Manuel Neuer turned the final defeat into a more personal end point by confirming his second international retirement. But the detail that will hang over Germany's exit is elsewhere. Four players did not want the sixth penalty, Jonathan Tah had never taken a professional spot kick, and the shootout was already a problem before the last kick was taken.
The penalty problem
The names were Leon Goretzka, Waldemar Anton, Nathaniel Brown and Malick Thiaw. They were all hesitant to take the sixth penalty, and Joshua Kimmich asked Goretzka twice to step up before getting a flat refusal both times.
That left Tah in a role he had never filled before at professional level. It is hard to make the tension around a shootout more visible than that, and harder still to pretend the issue was only about one missed kick at the end.
The wider result did not rescue Germany either. Against Paraguay, Neuer saved Fabian Balbuena’s penalty, but Germany still lost the shootout after a 1-1 draw.
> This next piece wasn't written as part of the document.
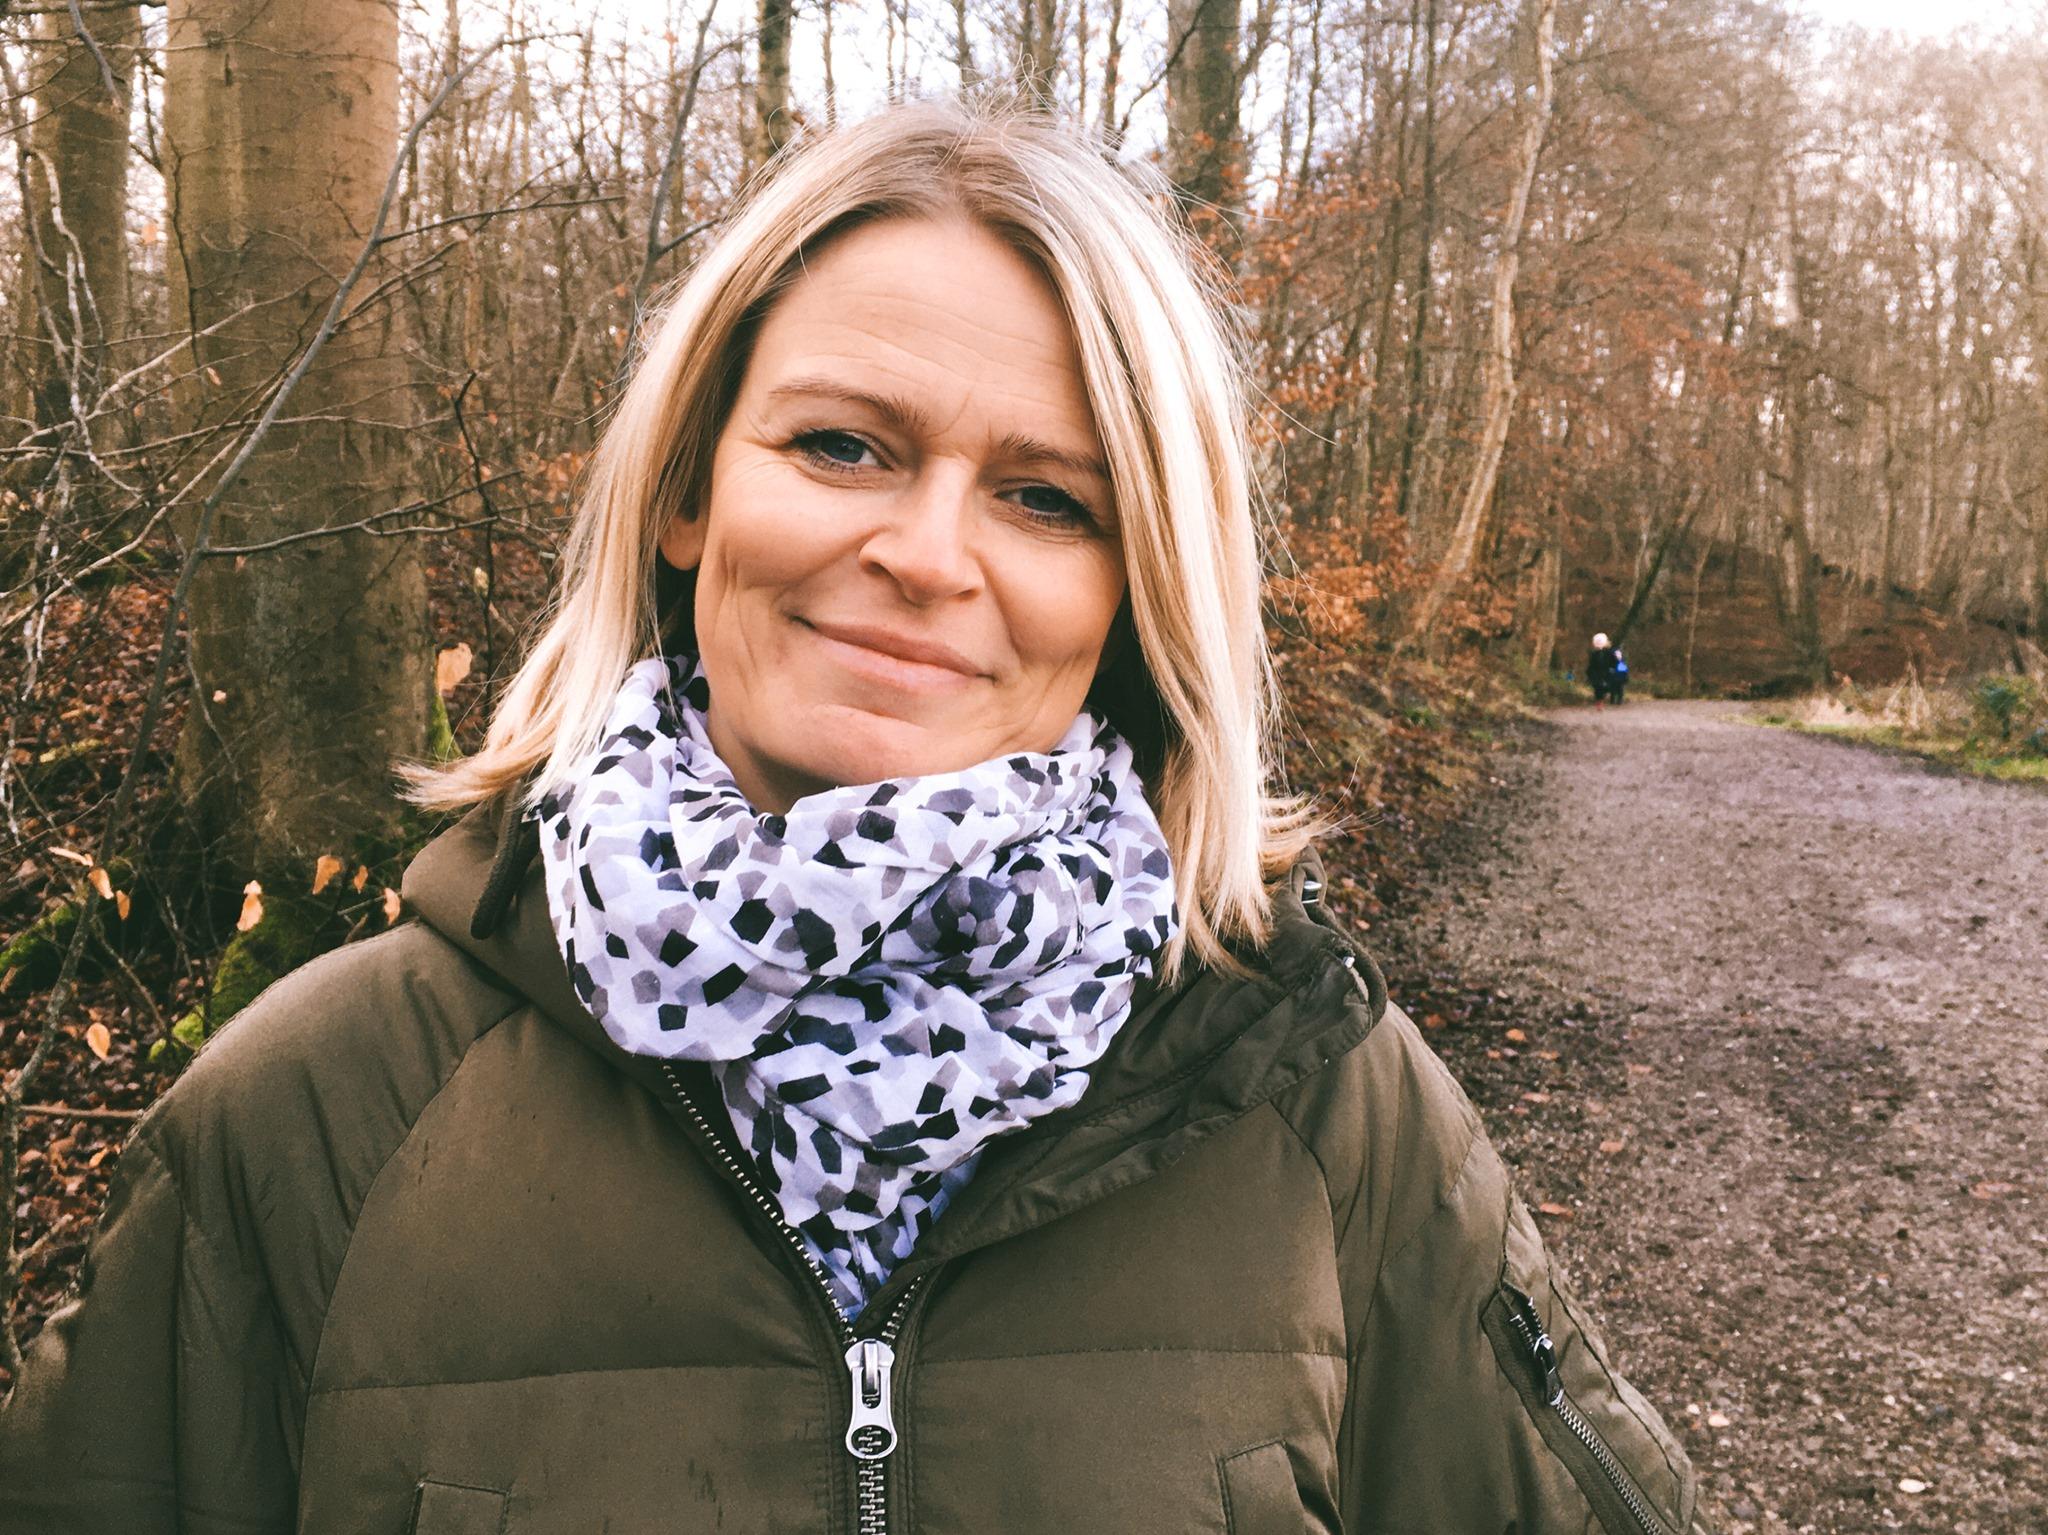 Lotte Kahl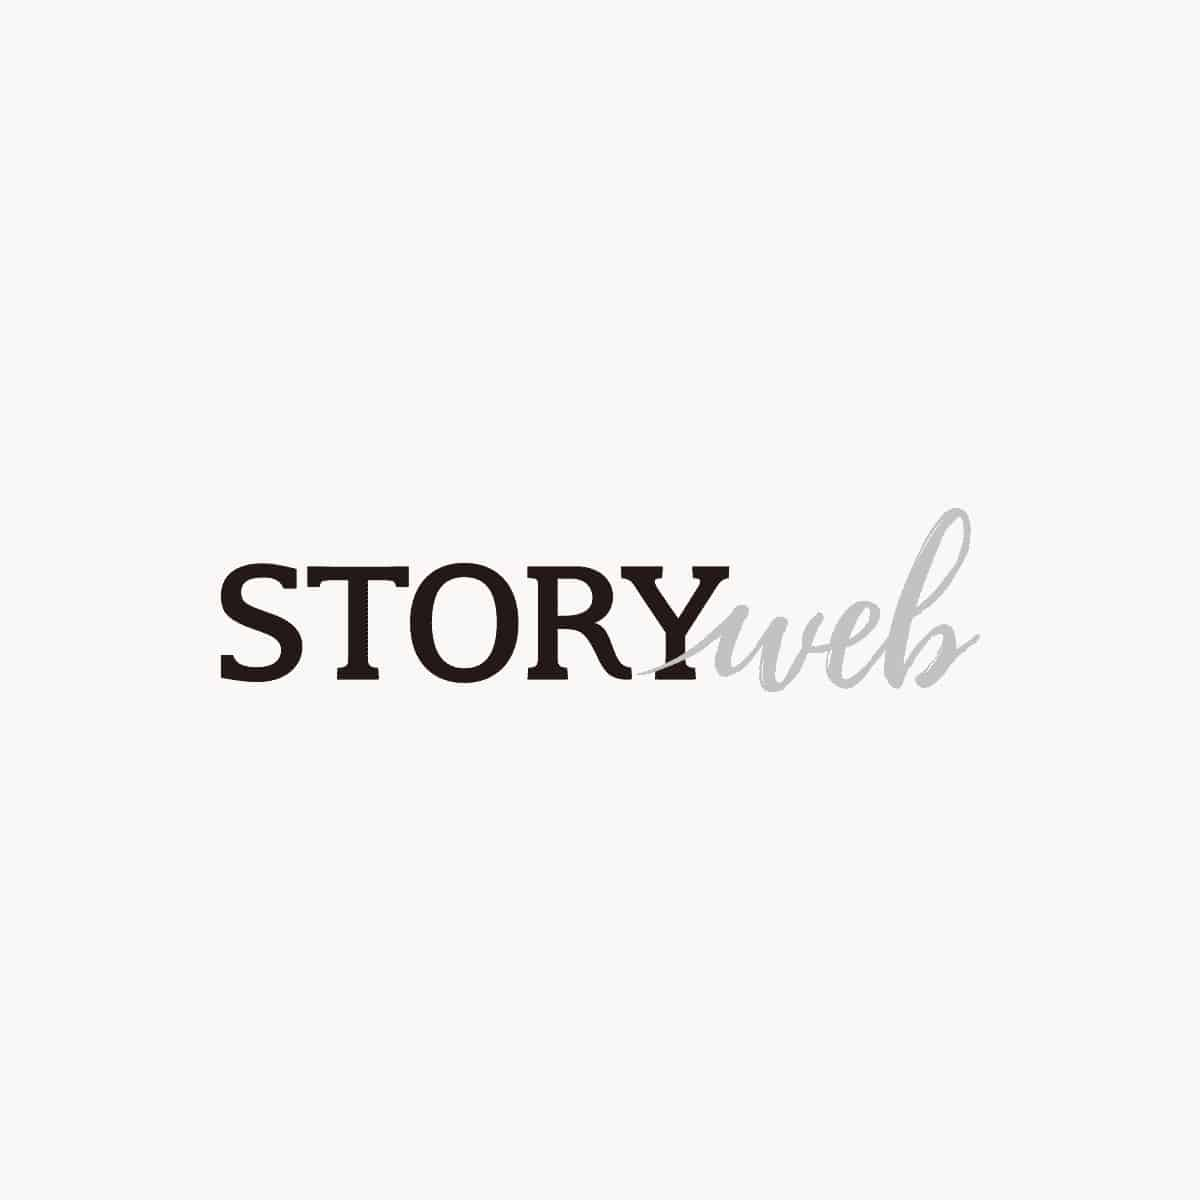 6月号 超絶男子図鑑 News増田貴久さん裏話 Story ストーリィ

Neuer's final international chapter
Neuer's own role still matters because he was not just another senior player leaving the pitch. He was the sole remaining member of Germany’s 2014 World Cup-winning squad and had 128 caps. He also made two saves in the match, including Balbuena’s penalty, before the night ended in defeat.
His post-match line was blunt enough. Speaking to the Independent, Neuer said: "No. It's very bitter to end it like this."
That is the note this game leaves behind, more than the scoreline itself. Germany's shootout record, the pressure on the takers and Neuer's exit all sit in the same frame now, and the most revealing detail is still the simplest one, that four players did not want the sixth penalty.